Source material:
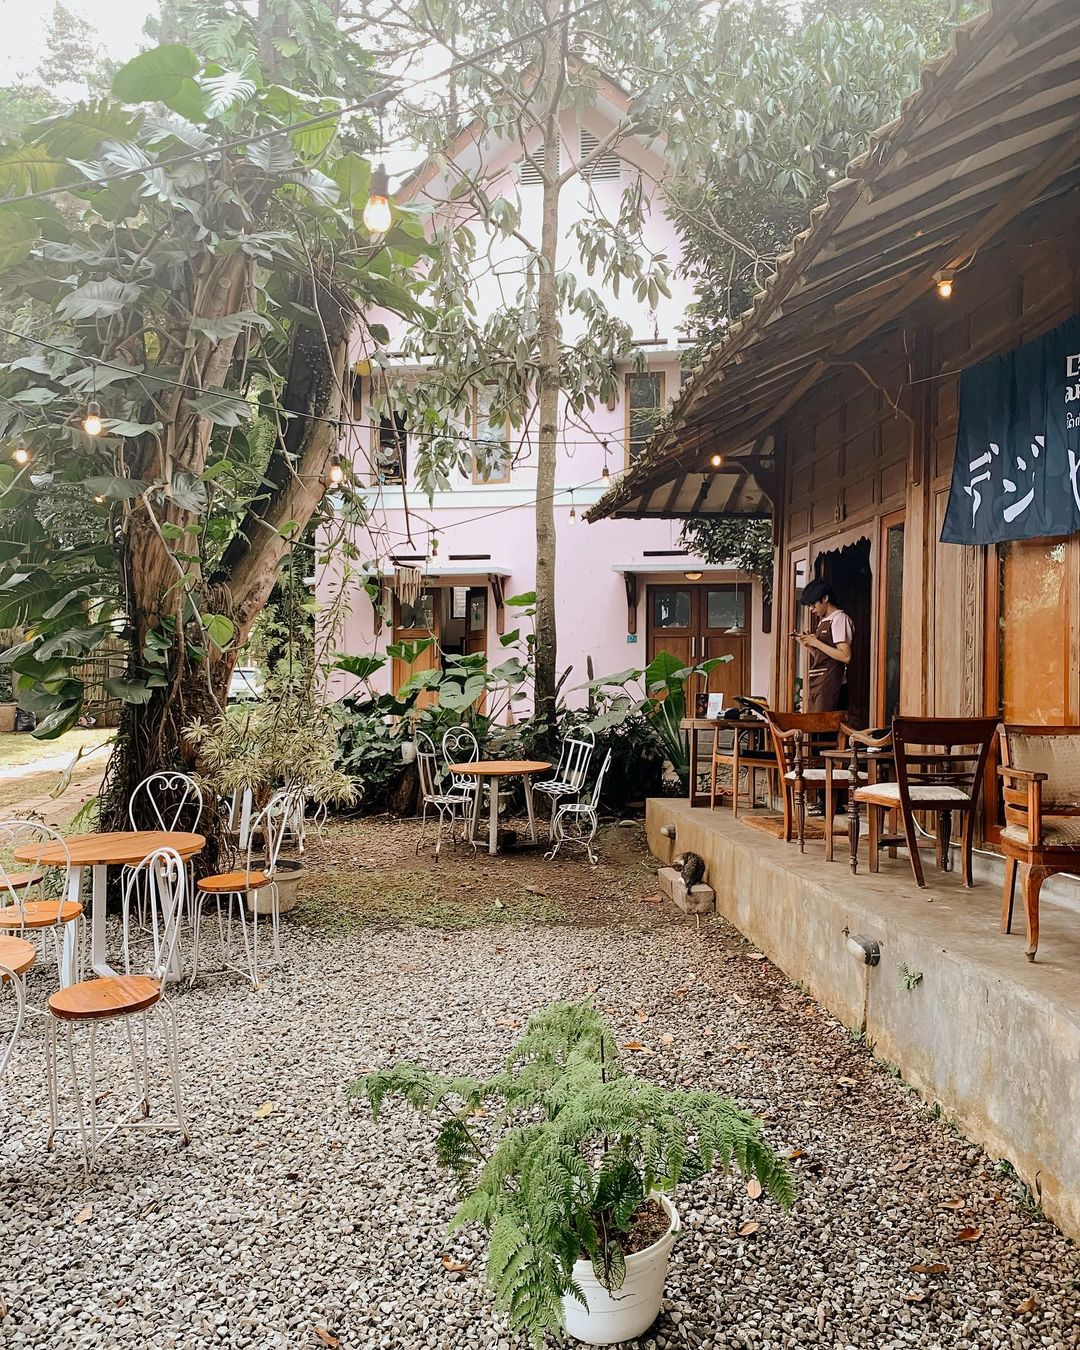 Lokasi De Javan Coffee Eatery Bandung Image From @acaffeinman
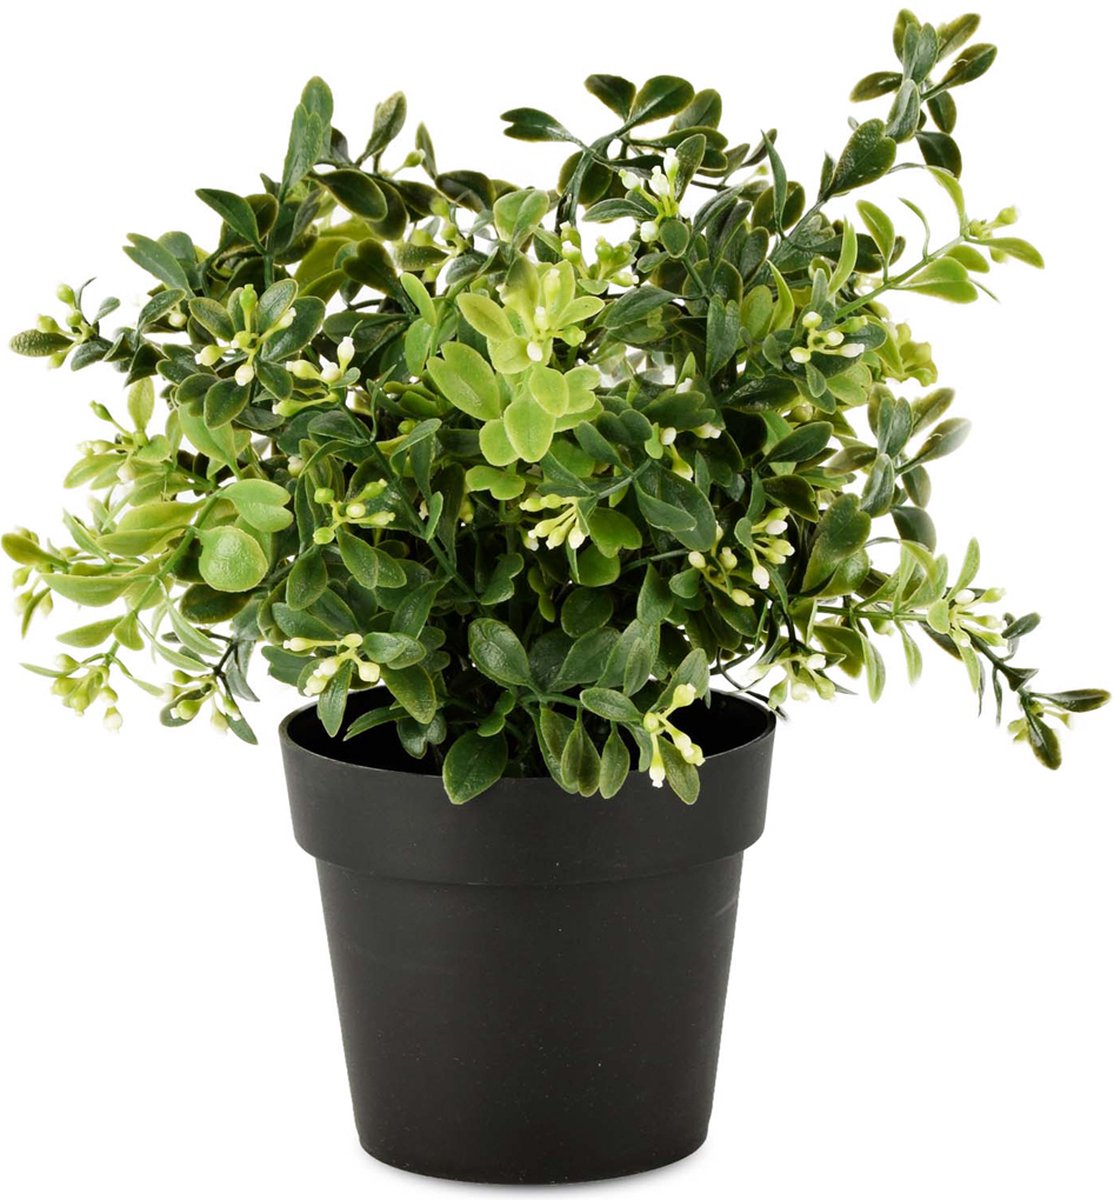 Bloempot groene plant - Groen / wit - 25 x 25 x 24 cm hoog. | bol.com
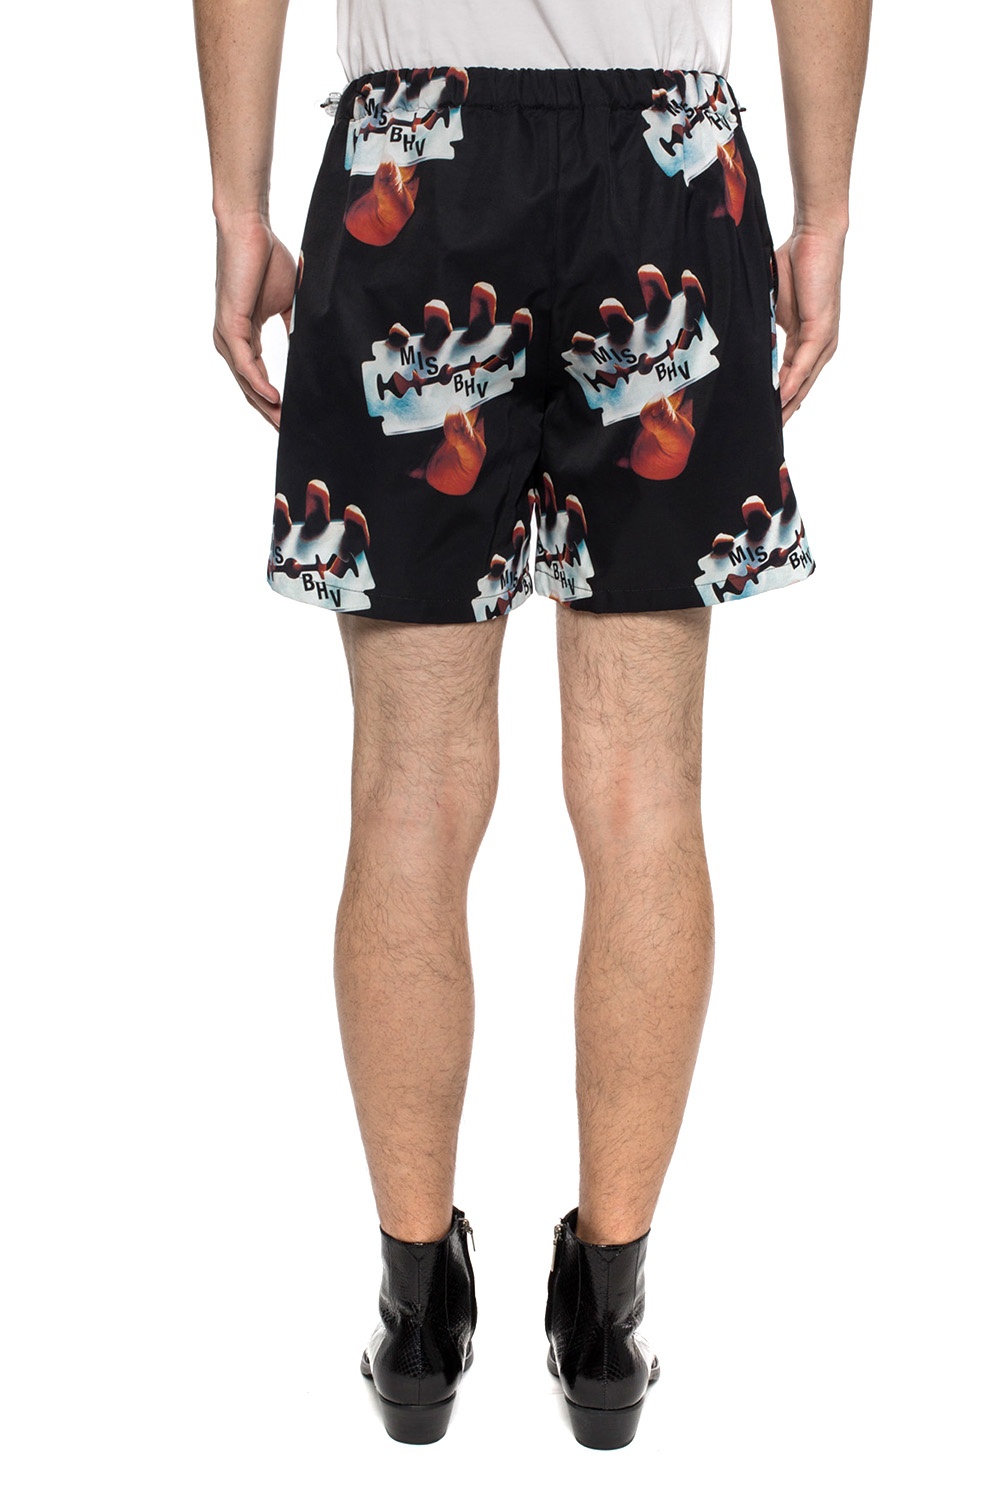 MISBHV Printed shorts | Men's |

==

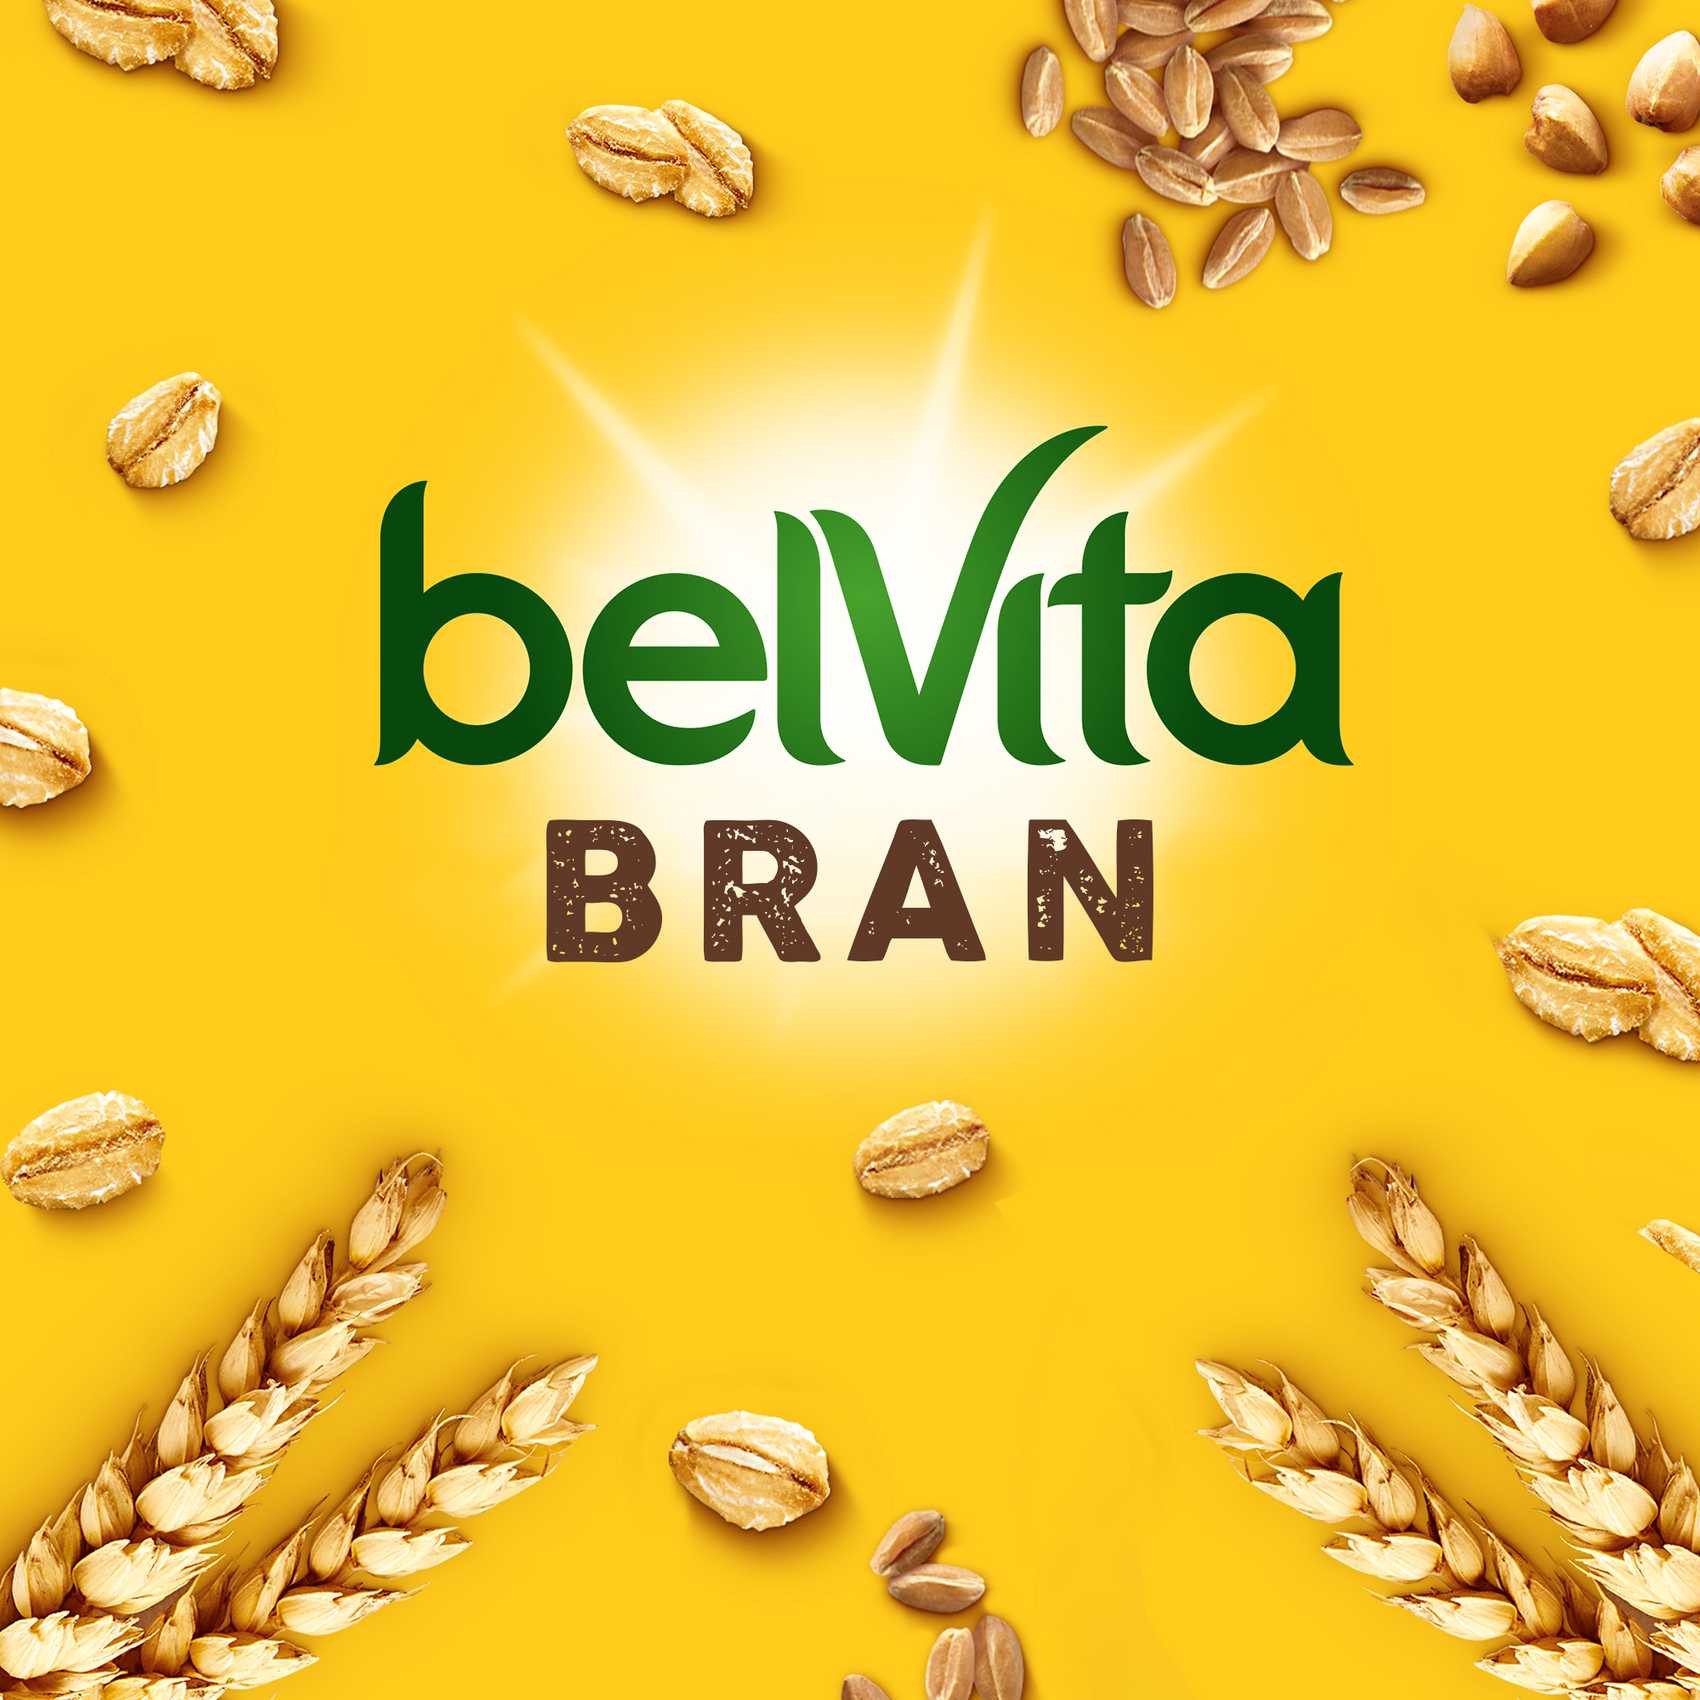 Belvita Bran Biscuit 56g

To do:
Copy only what runs above from the line containing "Bloempot groene plant" through the line containing "MISBHV Printed shorts | Men's |", exactly. Leave out the pictures.

Task answer:
 Bloempot groene plant - Groen / wit - 25 x 25 x 24 cm hoog. | bol.com
 MISBHV Printed shorts | Men's |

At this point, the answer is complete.